Second, while Dessalines does play a role in Hazareesingh’s account, he is still eclipsed by Louverture, often seen as the more translatable, domesticable, and ultimately acceptable leader of the revolution for Western audiences. This neglect of the other revolutionary figureheads may soon be corrected, however. A biography of Dessalines by Julia Gaffield and two biographies of Henri Christophe by Paul Clammer and Marlene Daut are due to appear in the near future.
An Exercise in Recovery
Black Spartacus draws together an exceptional range of material to offer what will be for some time the definitive English-language life of Louverture. Arguably light on its subject’s early years — a period well covered by Girard in his own biography — Hazareesingh’s study nevertheless shows a real sensitivity to language and to the power of Creole as a vehicle for resistance. Black Spartacus also focuses carefully on Louverture’s religiosity and the value he attached to family bonds, exploring their implications for his later life.
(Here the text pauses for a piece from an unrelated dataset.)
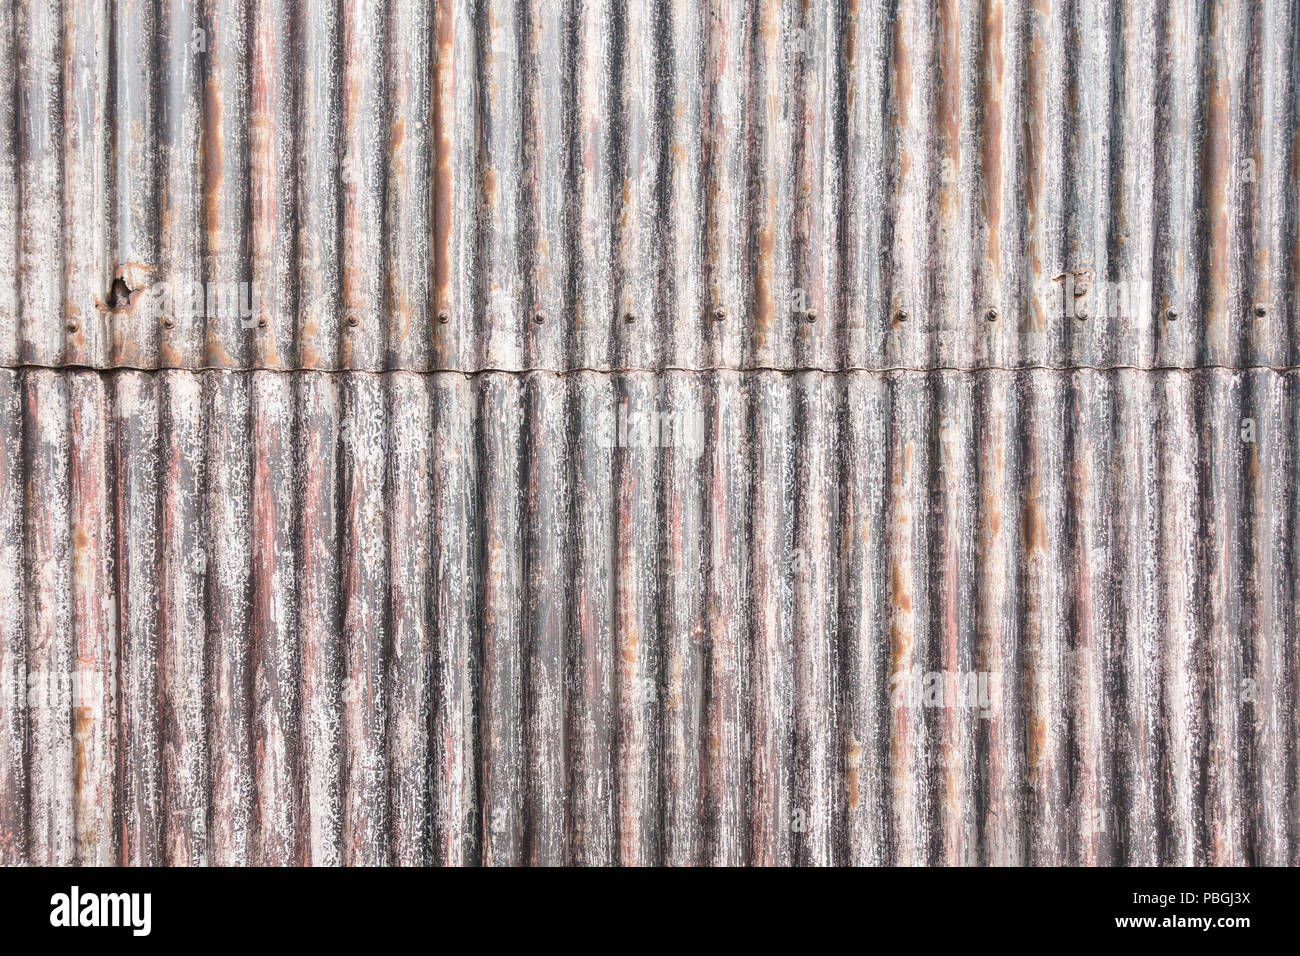 Granero de metal corrugado pared hecha de hojas se unieron por medio de tornillos Foto de stock

In many ways, Hazareesingh’s approach is an exercise in recovery. He draws on rich French archival sources, from Paris and the regions, and on previously underexplored Spanish material. There is new material as well from the UK’s National Archives in Kew, a reminder that the Haitian Revolution, despite its systematic disavowal in our national history, is an important element of the British past. The book also draws intelligently on Louverture’s correspondence, not only as historiographic source material but also as a way of understanding the psyche of its author and the various contradictions he grappled with throughout his life.
Another original dimension is the focus on locality. Black Spartacus contains a striking microhistory, drawing on sources in the French overseas archives, that considers how Louverture’s ideas were received and translated into practice on the ground in Haiti. Hazareesingh takes the municipality of Môle Saint-Nicolas as a case study, demonstrating how a power system combining republican, Catholic, and Creole principles was firmly grounded in local communities, creating an infrastructure designed to rebuild postrevolutionary Saint-Domingue.
Such analysis provides evidence of what is seen as Louverture’s core quality, “the audacity to envision a world organized around radically different principles.” The sustained focus in Black Spartacus on the crucial middle years of Louverture’s leadership shows that he did not seek, as Girard suggests, to consolidate his personal wealth and power, but rather to protect the gains of the revolution against those who would have overturned them.
Hazaraeesingh’s principal achievement is to have rendered from this history a narrative that speaks directly to the challenges of the twenty-first century. As the author himself puts it:
The Louverturian struggle remains a vital source of intellectual inspiration and progressive renewal — especially in the current age of populism — and serves as a reminder that the global injustices of today, within and across societies, have deep historical roots.